As interest rates in Canada and the U.S. are expected to decline further, investors are shifting their focus toward growth stocks that could benefit from lower borrowing costs and improved consumer spending. While many companies could take advantage of this environment, some fundamentally strong growth stocks stand out as top contenders for major gains in 2025 and beyond.
In this article, I’ll highlight two high-potential Canadian growth stocks that could skyrocket further as market conditions improve.
Aritzia stock
If you want to invest in a growth stock with the potential to thrive even in a challenging market, Aritzia (TSX:ATZ) is worth a serious look. This Vancouver-based fashion brand has carved out a strong position in the high-end apparel space, offering high-quality clothing under its exclusive in-house labels.
Shares of Aritzia have climbed nearly 91% over the last year, making it one of the top-performing retail stocks in Canada. As a result, ATZ stock now trades at $70.70 per share, giving the company a market cap of $8.1 billion. While it doesn’t pay a dividend, Aritzia is reinvesting aggressively in expansion, and its financial results reflect this strategy.
In its latest quarter ended November 2024, the company posted impressive growth, with its revenue climbing 11.5% YoY (year over year) to $728.7 million, fueled by a 24% surge in U.S. sales. Similarly, Aritzia’s adjusted quarterly EBITDA (earnings before interest, taxes, depreciation, and amortization) jumped 48.7% from a year ago, while its net income soared 72% YoY.
Moreover, the company is opening new boutiques, expanding its e-commerce business, and growing its U.S. presence, all of which are setting it up for even bigger gains.
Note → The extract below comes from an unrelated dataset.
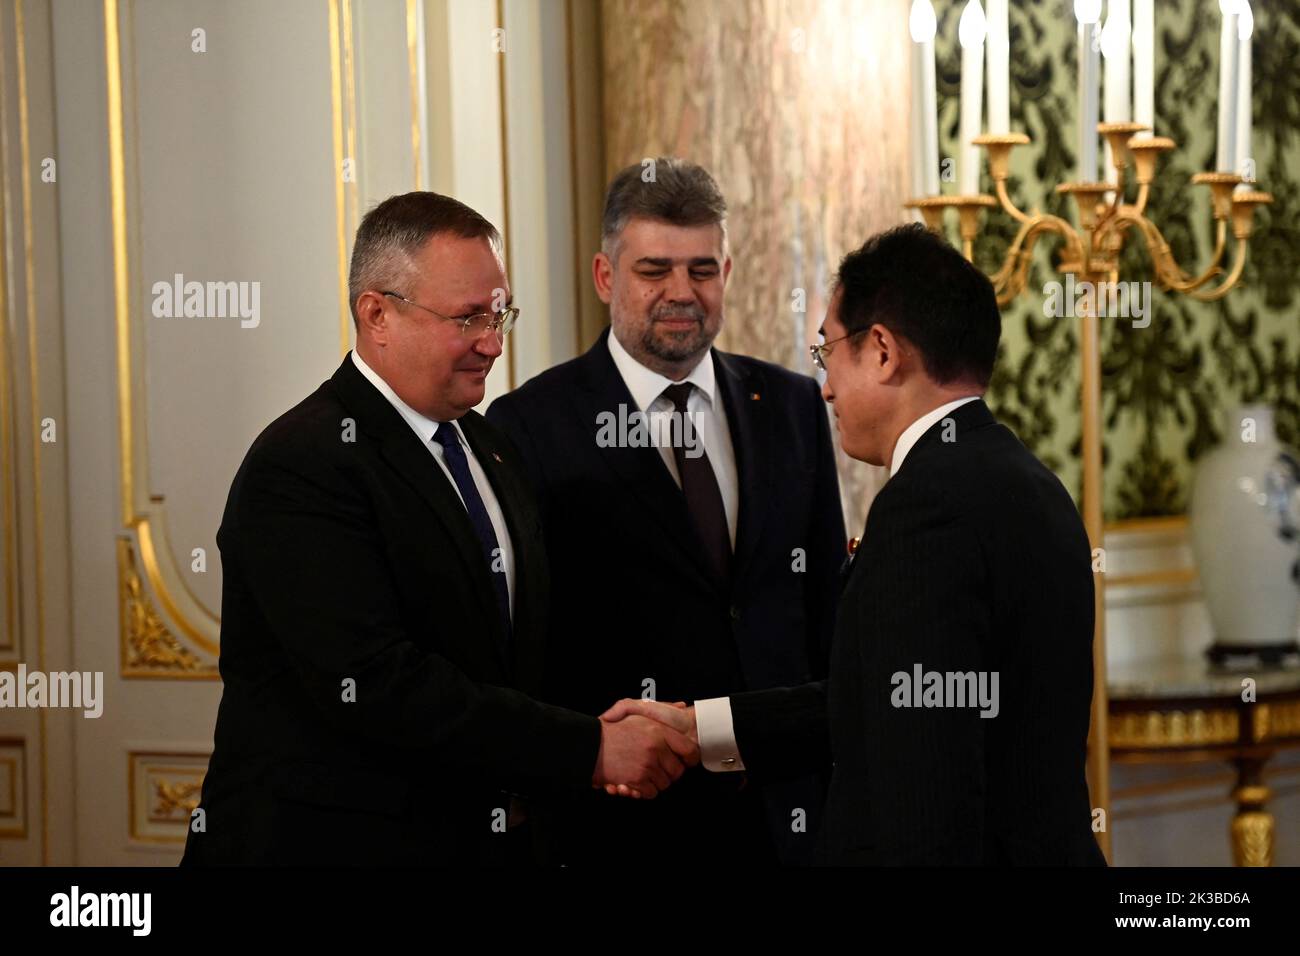 Romanian Prime Minister Nicolae Ionel Ciuca (L), Romanian House of Representatives Speaker Marcel Ciolacu (C) are welcomed by Japan's Prime Minister Fumio Kishida (R) prior to the Japan-Romania Summit Meeting at Akasaka Palace State Guest House in Tokyo, Japan on September 26, 2022 in Tokyo, Japan.  David Mareuil/Pool via REUTERS Stock Photo

With interest rates dropping and consumer spending rebounding, Aritzia stock could be just getting started. Its ability to scale while maintaining strong margins and brand loyalty makes it a top growth stock to watch for 2025 and beyond.
Metro stock
Now, let’s talk about another strong Canadian growth stock, Metro (TSX:MRU). If you’re looking for a business that could thrive with improving economic conditions, this food and pharmacy giant is worth considering. This Montreal-headquartered firm operates 995 grocery stores and 640 pharmacies across Canada under well-known banners.
After climbing by 32% over the last 12 months, MRU stock currently trades at $93.97 per share with a market cap of $20.7 billion. While it’s not a high-yield stock, it still pays a 1.6% annualized dividend, and its dividend was just raised by 10.4%, making it a nice perk for long-term investors.
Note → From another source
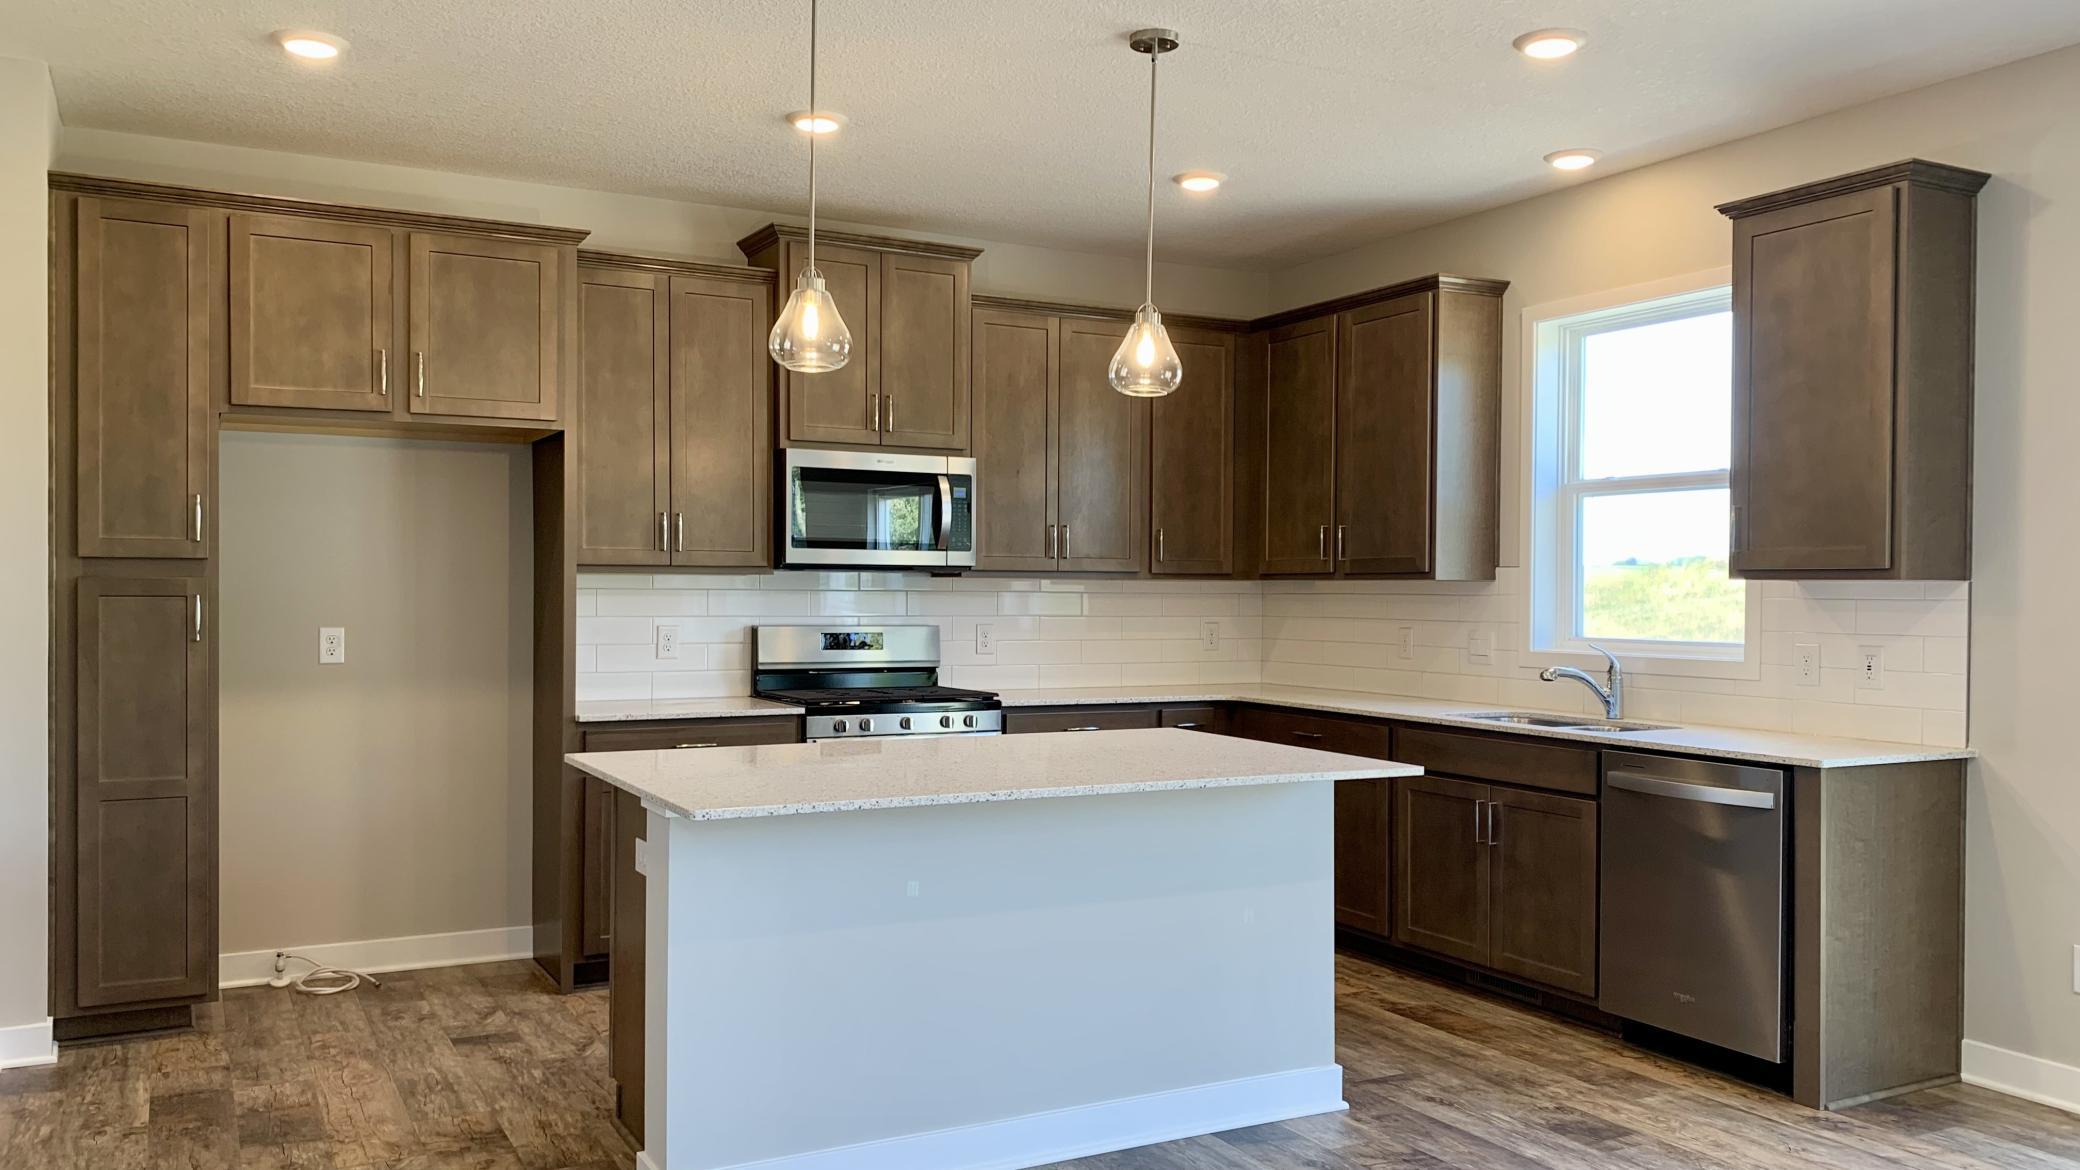 Welcome to the Bridgewater! Just completed 5 bedroom, new construction home located in desired Chaska. Nestled amongst mature trees, ponds and conservation while still conveniently close to all of the conveniences of shopping, dining, schools & more!

In the quarter ended December 2024, Metro’s total sales jumped 2.9% YoY to $5.12 billion. Its same-store food sales grew 1.0% from a year ago, and adjusting for the holiday shift, they were up 2.4% YoY. The company’s pharmacy sales were even stronger last quarter, rising 5.1% YoY due partly to a 7.3% jump in prescription drugs.
It is important to note that Metro is investing heavily in supply chain upgrades, expanding its Moi Rewards program, and leveraging its massive retail footprint. With consumer spending expected to improve as interest rates decline, MRU stock could keep climbing in 2025 and beyond.